The data

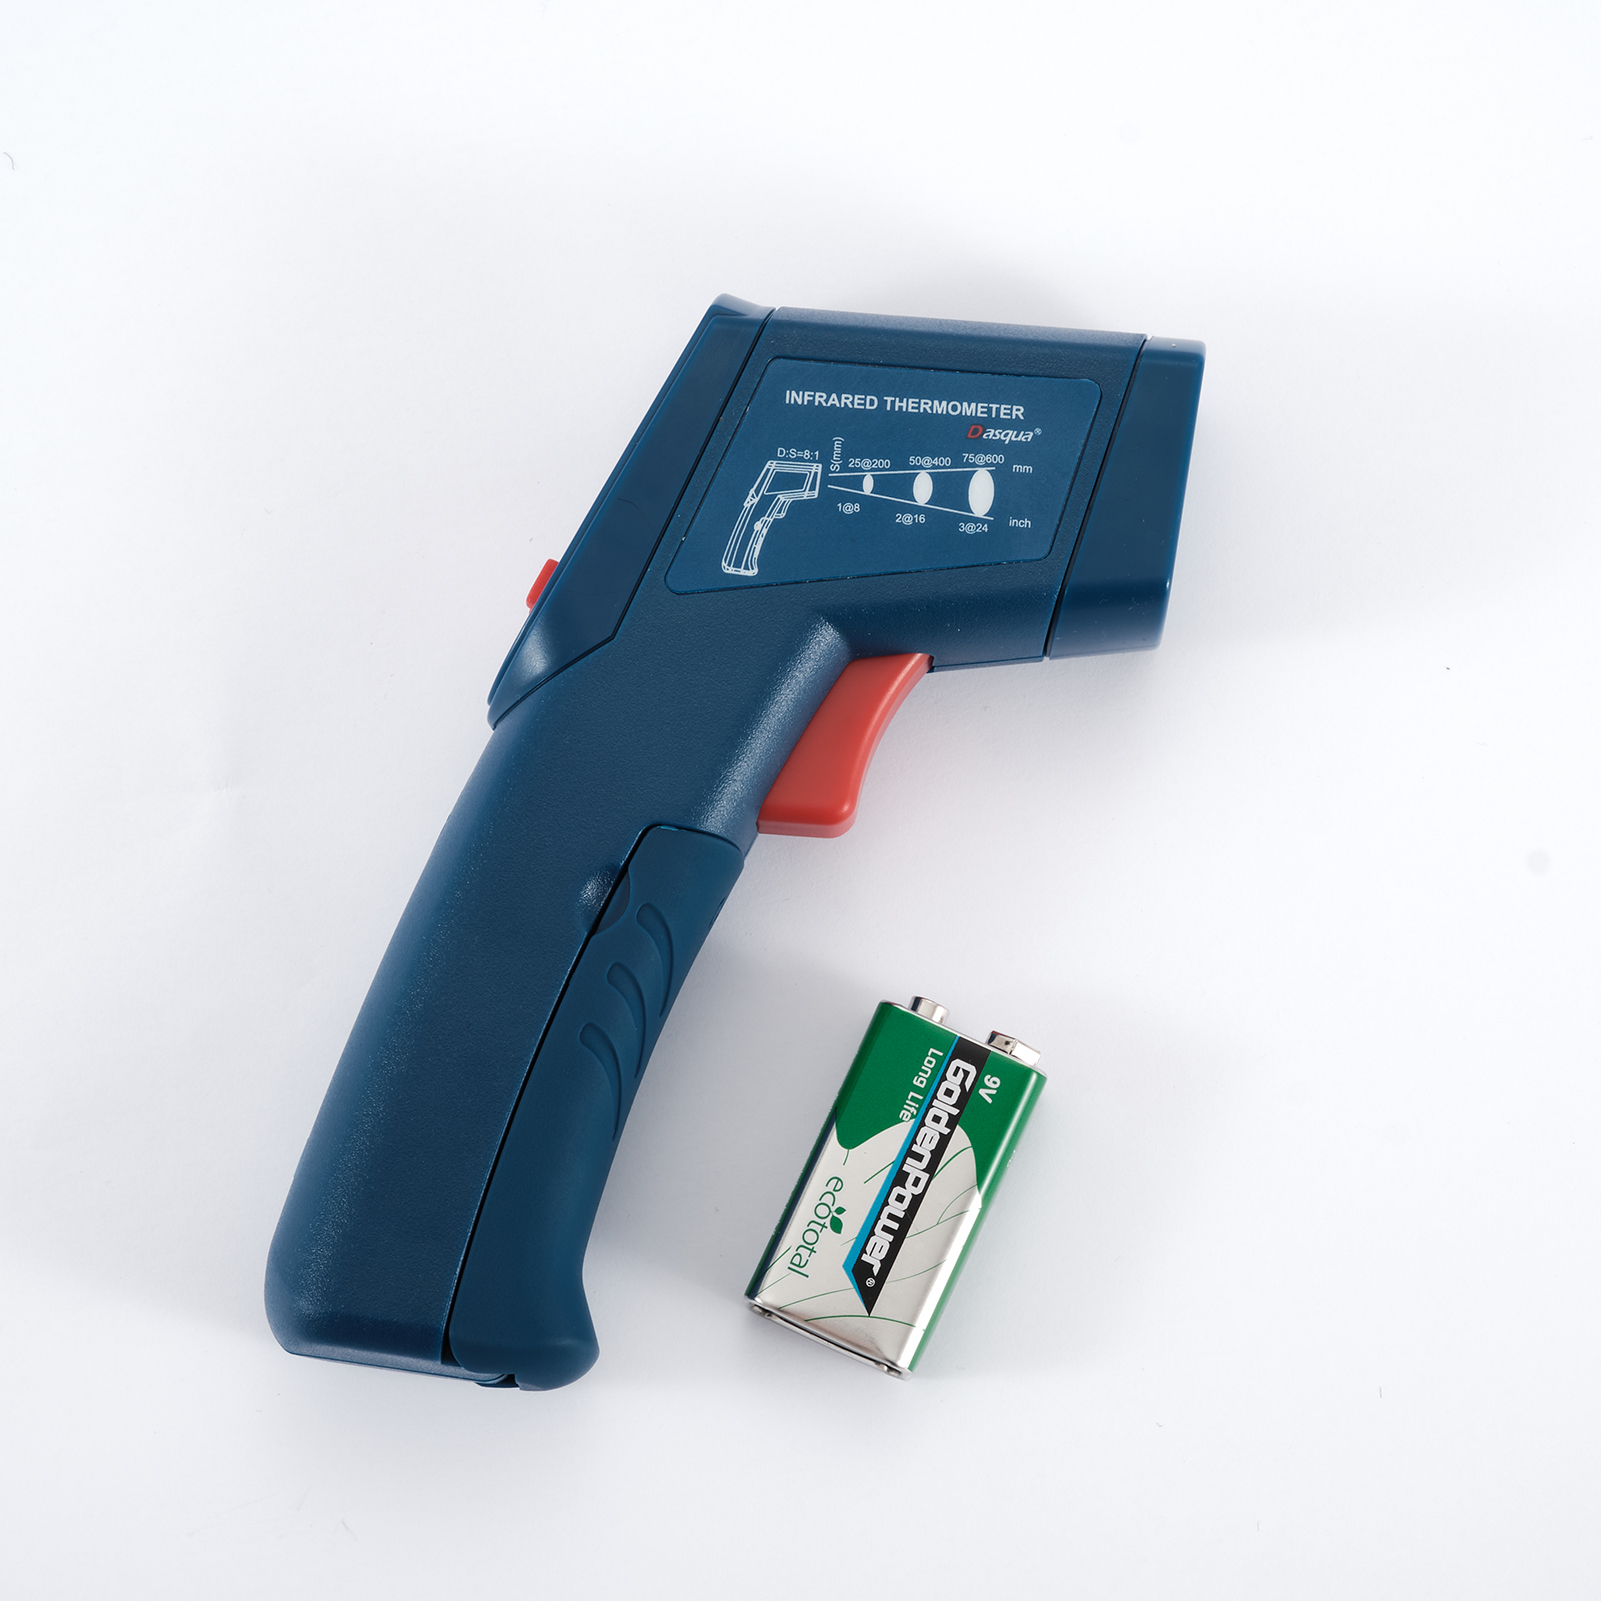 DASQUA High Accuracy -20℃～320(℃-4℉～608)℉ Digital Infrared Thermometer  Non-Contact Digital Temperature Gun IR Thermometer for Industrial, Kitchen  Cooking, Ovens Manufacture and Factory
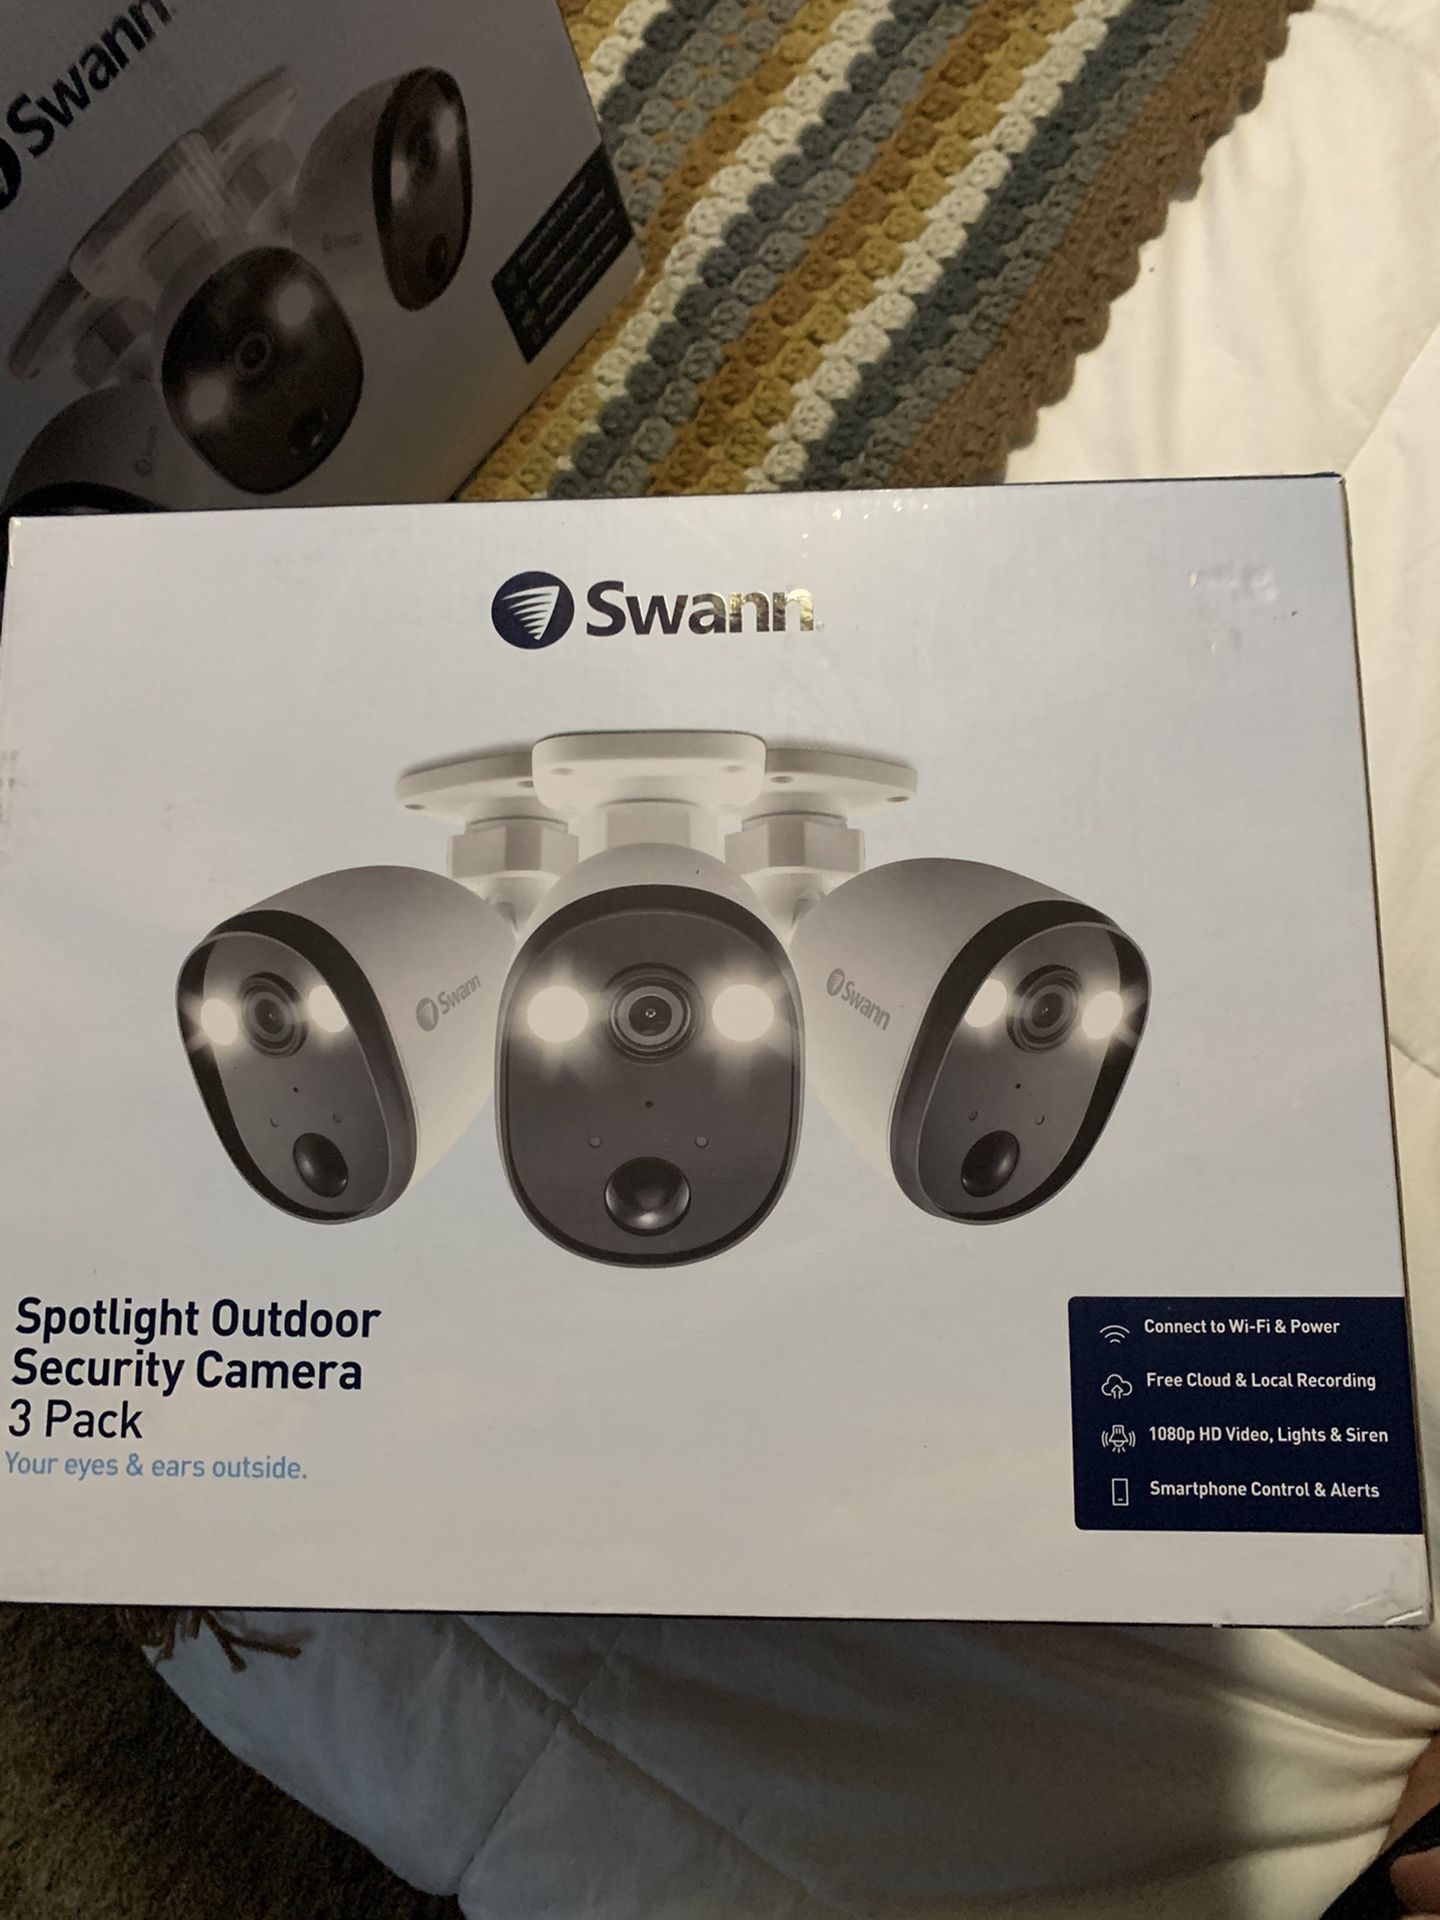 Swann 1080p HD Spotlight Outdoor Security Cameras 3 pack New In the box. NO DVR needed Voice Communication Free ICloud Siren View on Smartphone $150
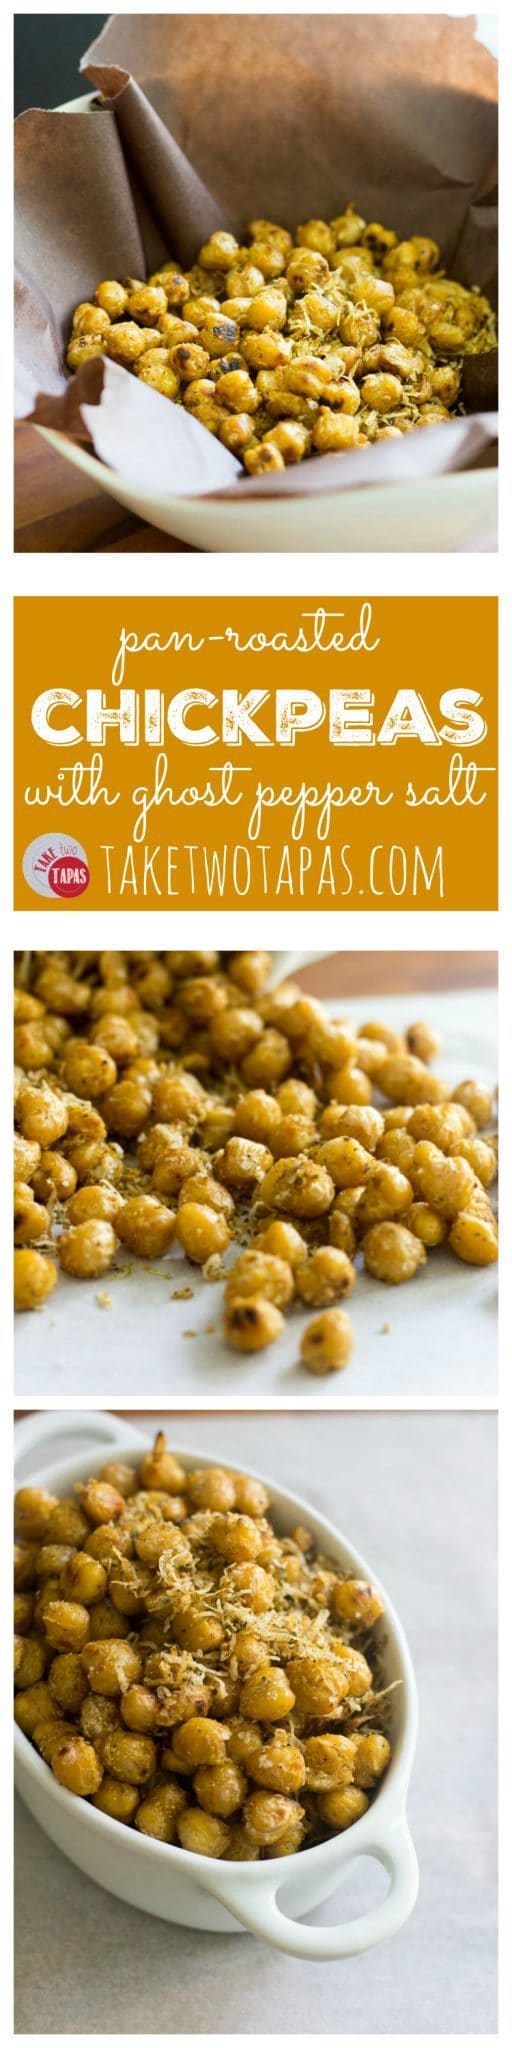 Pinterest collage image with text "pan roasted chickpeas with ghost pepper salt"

Task instructions
An exact copy of the data above is required, printed without its pictures.

Result for this exercise
 DASQUA High Accuracy -20℃～320(℃-4℉～608)℉ Digital Infrared Thermometer  Non-Contact Digital Temperature Gun IR Thermometer for Industrial, Kitchen  Cooking, Ovens Manufacture and Factory
 Swann 1080p HD Spotlight Outdoor Security Cameras 3 pack New In the box. NO DVR needed Voice Communication Free ICloud Siren View on Smartphone $150
 Pinterest collage image with text "pan roasted chickpeas with ghost pepper salt"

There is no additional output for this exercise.